### GOAL OF THE EXERCISE
An exact repetition of the data is required; no picture should appear in it.

### DATA SHOWN

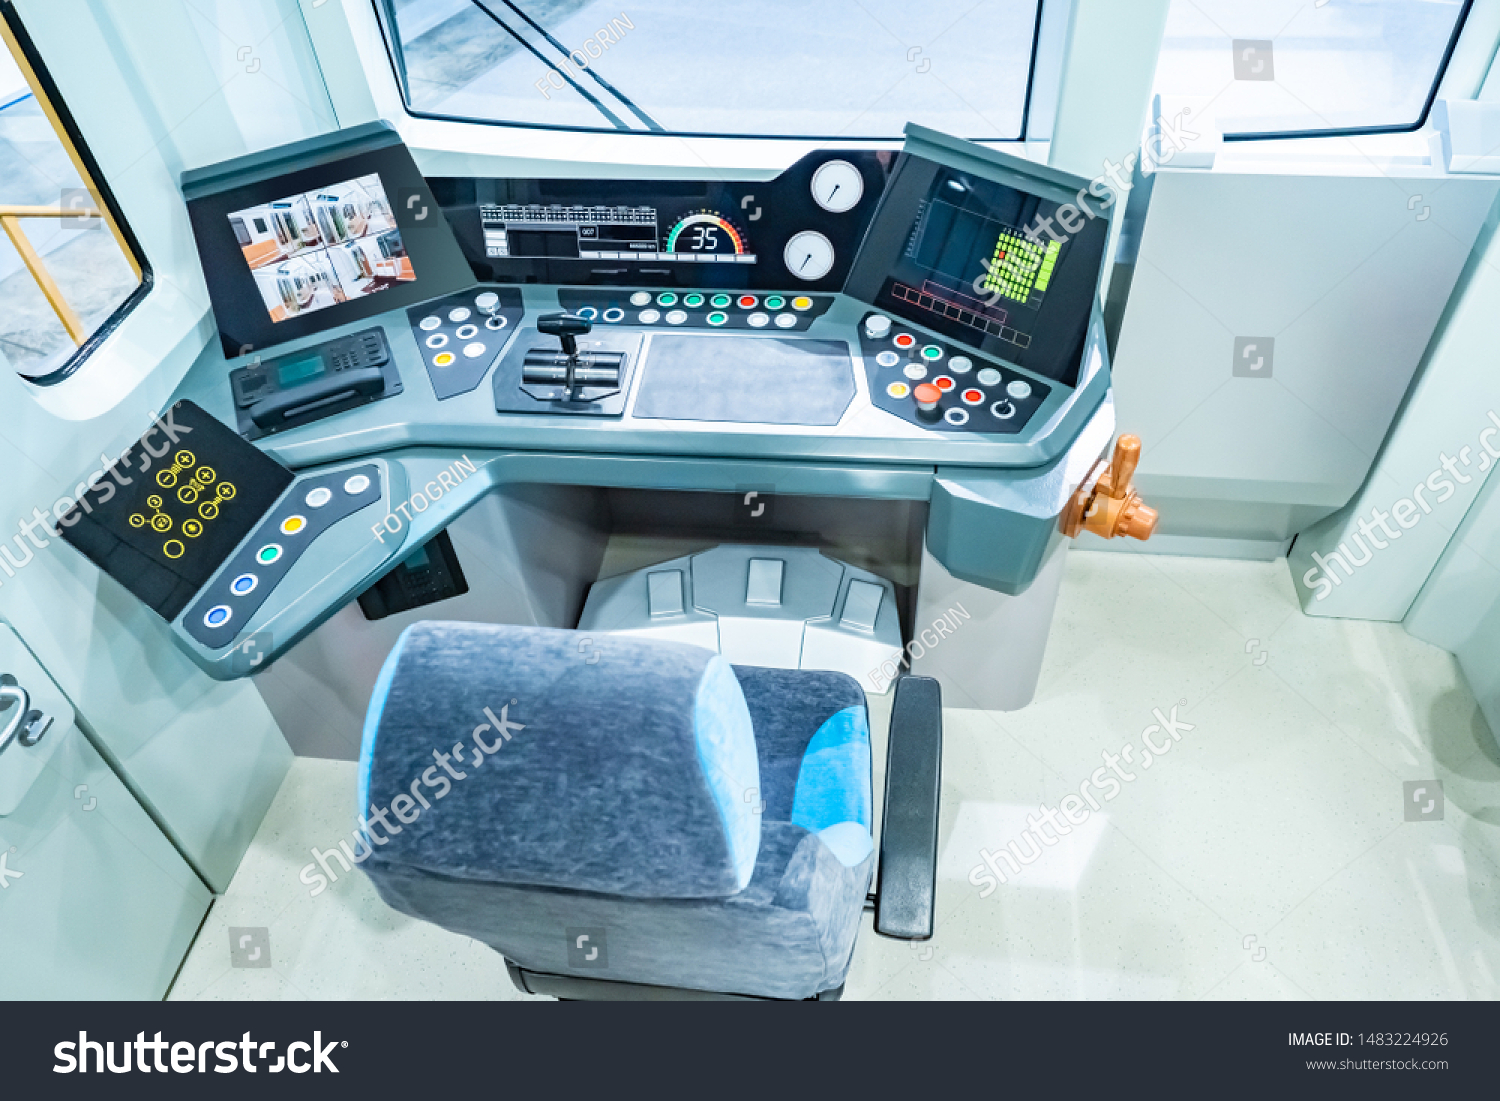 The cabin of the electric train. Driver place of the electric train. Dashboard. The control cabin of the electric train. Railway suburban transport. Passenger transport. Suburban transport network. #1483224926
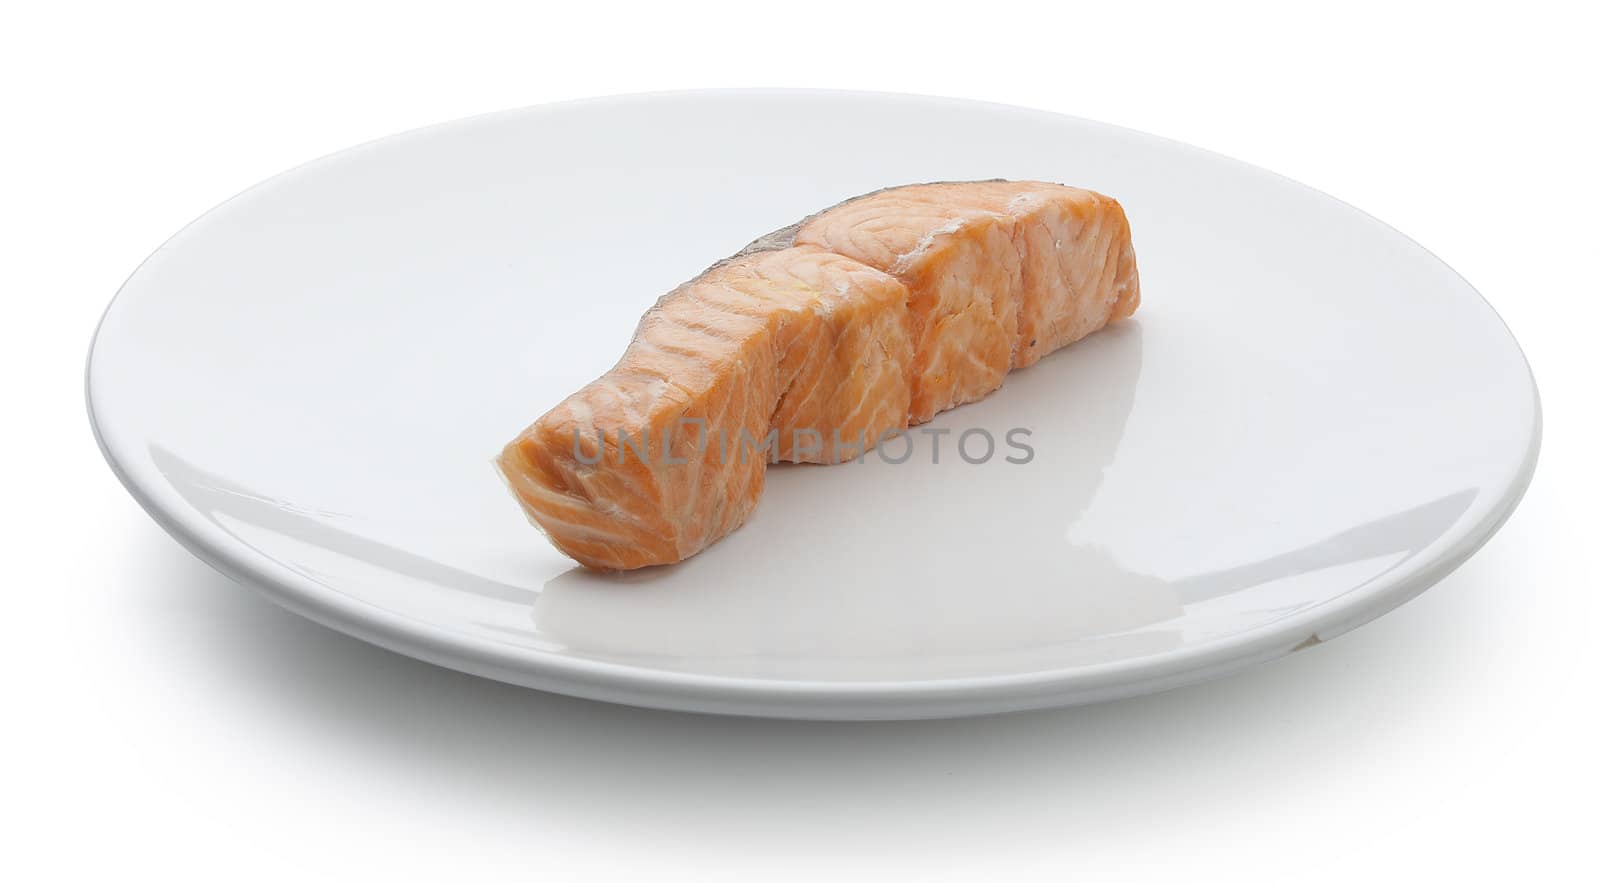 Steamed salmon by Angorius
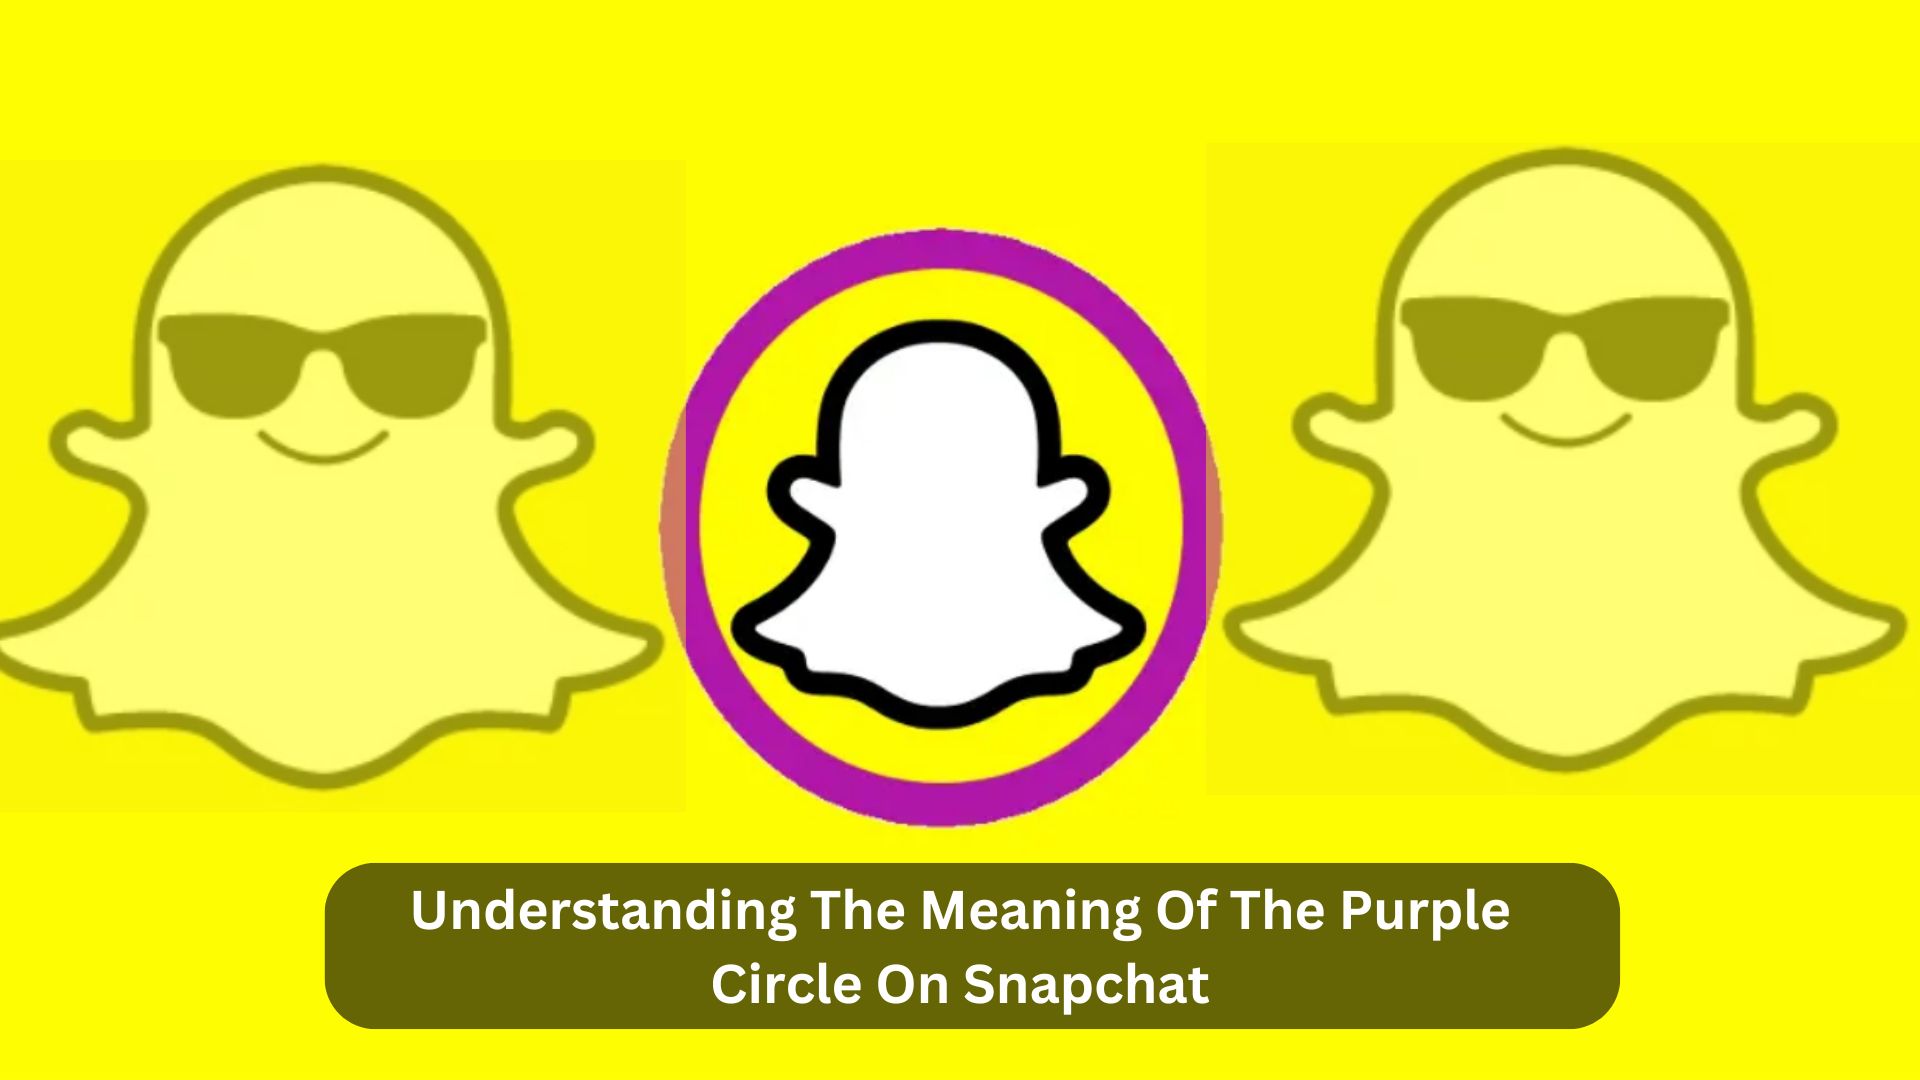 Understanding The Meaning Of The Purple Circle On Snapchat

### WRITTEN RESPONSE
 The cabin of the electric train. Driver place of the electric train. Dashboard. The control cabin of the electric train. Railway suburban transport. Passenger transport. Suburban transport network. #1483224926
 Steamed salmon by Angorius
 Understanding The Meaning Of The Purple Circle On Snapchat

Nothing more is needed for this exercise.